I would really appreciate your help as this is the only exercise I have been unable to answer.
Thanks very much,
Gerald Bremer
Answer by stanbon(75887)   (Show Source):
You can put this solution on YOUR website! The number of passengers on the Carnival Sensation during one-week cruises in the Caribbean follows the normal distribution. The mean number of passengers per cruise is 1,820 and the standard deviation is 120.
a) what percent of the cruises will have between1,820 and 1,970 passengers?

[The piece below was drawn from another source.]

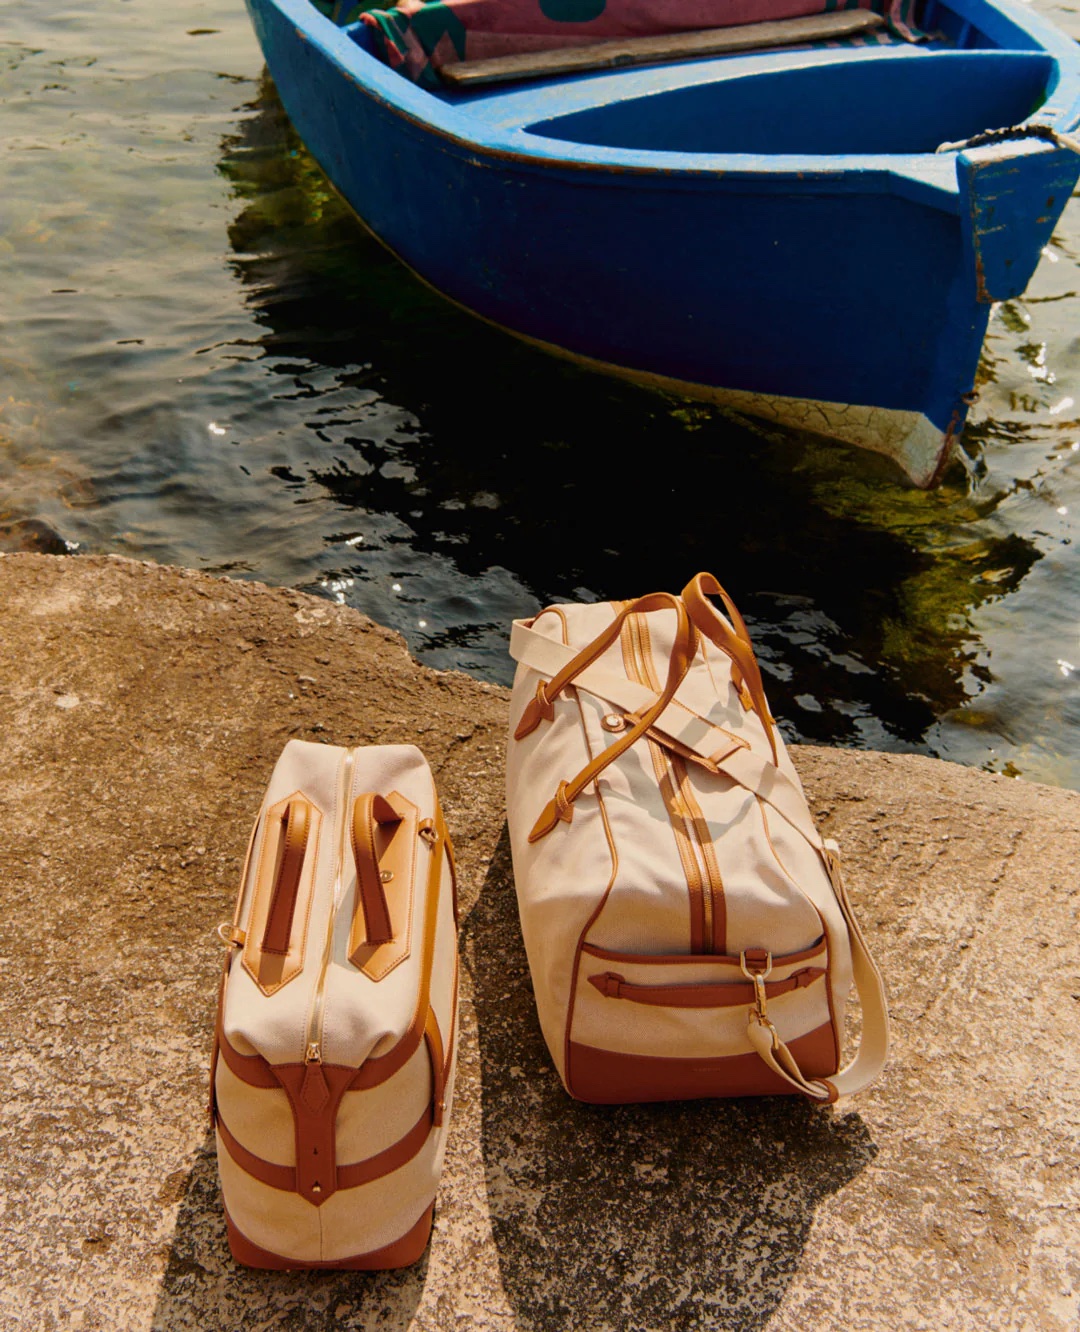 Two canvas bags sit on a stone dock next to a boat.

P(1820<=X<=1970)=P((1820-1820))/120<=z<=(1970-1820))/120))=0.394
b) what percent of the cruises will have 1,970 passengers or more?
P(X>=1970)=P(z>=(1970-1820)/120)=0.1056
c) what percent of the cruises will have 1,600 or fewer passengers?
P(x<=1600)=P(z<=(1600-1820)/120))=0.0334
d) how many passengers are on the cruises with the fewet 25 percent of passengers?
Find the z-value that corresponds to the bottom 25% of population:
z=-0.6745
Then solve for X in:
-0.6745=(X-1820)/120
X-1820= -80.94
X<=1719 passengers are on the cruise.
Cheers,
Stan H.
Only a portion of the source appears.